# Titanic 4: Tuning the whole pipeline with Cross Validation

In this notebook we will see how Grid Search Cross Validation can be used to not only tune the parameters of the model but also the parameters of all the transformers in a pipeline, thus helping us find the best preprocessing strategy for our data.

## 1. Pipeline creation

As shown in the previous notebooks, here we clean the data, split it and create a pipeline:

In [1]:
import pandas as pd
from sklearn.model_selection import train_test_split
from sklearn.impute import SimpleImputer
from sklearn.tree import DecisionTreeClassifier
from sklearn.metrics import accuracy_score
from sklearn.pipeline import make_pipeline

# reading
url = "https://drive.google.com/file/d/1g3uhw_y3tboRm2eYDPfUzXXsw8IOYDCy/view?usp=sharing"
path = 'https://drive.google.com/uc?export=download&id='+url.split('/')[-2]
data = df = pd.read_csv(path)

# X and y creation
X = data.drop(columns=["PassengerId", "Name", "Ticket"])
y = X.pop("Survived")

# feature selection: only numericals
X_num = X.select_dtypes(include="number").copy()

# data splitting
X_num_train, X_num_test, y_train, y_test = train_test_split(X_num, y, test_size=0.2, random_state=123)

# initialize transformers &amp; model
imputer = SimpleImputer()
dtree = DecisionTreeClassifier()
 
# Create a pipeline
pipe = make_pipeline(imputer,
                     dtree)

## 2. Cross Validation with the whole pipeline:

We can see the steps in the pipeline (note that they have been given names: `simpleimputer` and `decisiontreeclassifier`. we will use these names when defining the parameter grid for the cross validation)

In [2]:
pipe

Pipeline(steps=[('simpleimputer', SimpleImputer()),
                ('decisiontreeclassifier', DecisionTreeClassifier())])

To define the parameter grid for cross validation, you need to create a dictionary, where:

- The keys are the name of the pipeline step, followed by two underscores and the name of the parameter you want to tune.
- The values are lists (or "ranges") with all the values you want to try for each parameter.

In [3]:
param_grid = {
    "simpleimputer__strategy":["mean", "median"],
    "decisiontreeclassifier__max_depth": range(2, 14),
    "decisiontreeclassifier__min_samples_leaf": range(3, 10),
    "decisiontreeclassifier__criterion":["gini", "entropy"]
}

When defining the cross validation, we want to pass our pipeline (`pipe`), our parameter grid (`param_grid`) and the number of folds (an arbitrary number, usually 5 or 10).
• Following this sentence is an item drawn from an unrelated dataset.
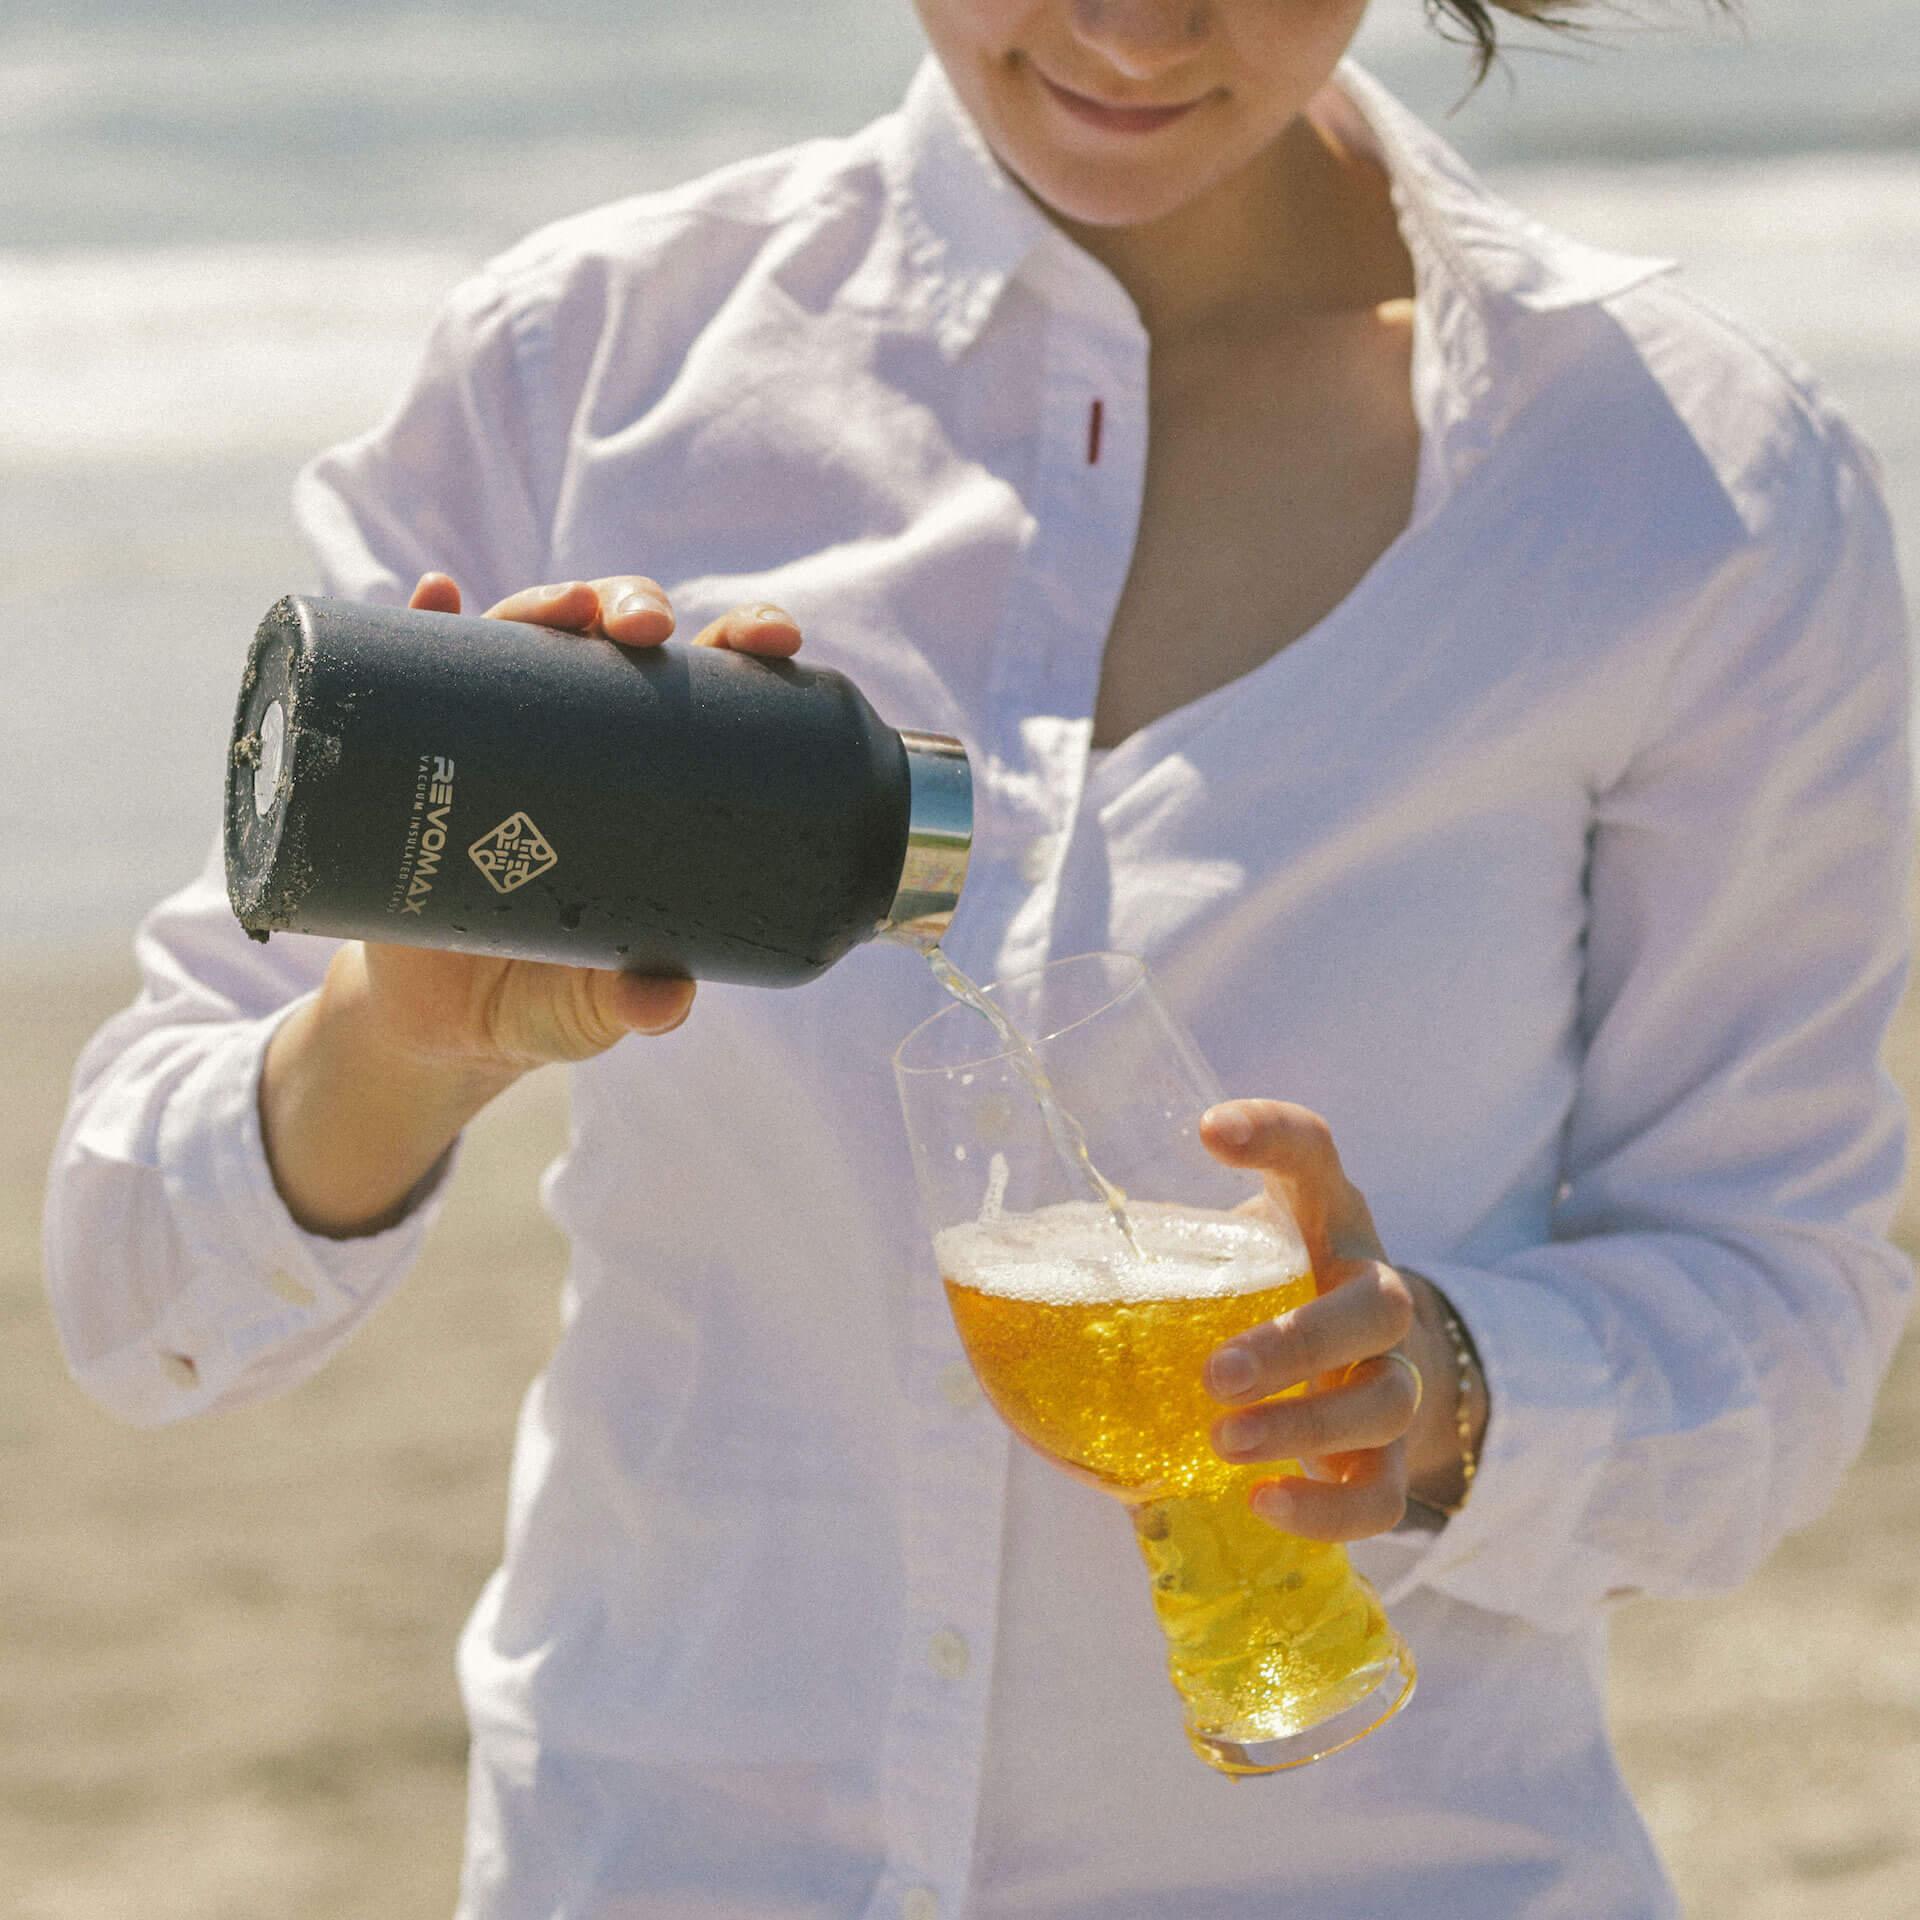 炭酸が入れられるボトル『REVOMAX』で冷えたビールをテイクアウトしよう!全国の量り売り店舗を紹介するmapも公開 gourmet_200701_revomax_beer_06

You can also define the parameter `verbose` if you want to recieve a bit more info about the CV task.

In [4]:
from sklearn.model_selection import GridSearchCV

search = GridSearchCV(pipe,
                      param_grid,
                      cv=10,
                      verbose=1)

Fit your "search" to the training data (`X` and `y`), as we used to do with our model alone or with our pipeline:

In [None]:
search.fit(X_num_train, y_train)

Fitting 10 folds for each of 336 candidates, totalling 3360 fits


GridSearchCV(cv=10,
             estimator=Pipeline(steps=[('simpleimputer', SimpleImputer()),
                                       ('decisiontreeclassifier',
                                        DecisionTreeClassifier())]),
             param_grid={'decisiontreeclassifier__criterion': ['gini',
                                                               'entropy'],
                         'decisiontreeclassifier__max_depth': range(2, 14),
                         'decisiontreeclassifier__min_samples_leaf': range(3, 10),
                         'simpleimputer__strategy': ['mean', 'median']},
             verbose=1)

Explore the best parameters and the best score achieved with your cross validation:

In [None]:
search.best_params_

{'decisiontreeclassifier__criterion': 'gini',
 'decisiontreeclassifier__max_depth': 8,
 'decisiontreeclassifier__min_samples_leaf': 6,
 'simpleimputer__strategy': 'mean'}

In [None]:
# cross validation average accuracy
search.best_score_

0.7078834115805948

In [5]:
X_num_train

Unnamed: 0,Pclass,Age,SibSp,Parch,Fare
329,1,16.0,0,1,57.9792
749,3,31.0,0,0,7.7500
203,3,45.5,0,0,7.2250
421,3,21.0,0,0,7.7333
97,1,23.0,0,1,63.3583
...,...,...,...,...,...
98,2,34.0,0,1,23.0000
322,2,30.0,0,0,12.3500
382,3,32.0,0,0,7.9250
365,3,30.0,0,0,7.2500


In [None]:
# training accuracy
y_train_pred = search.predict(X_num_train)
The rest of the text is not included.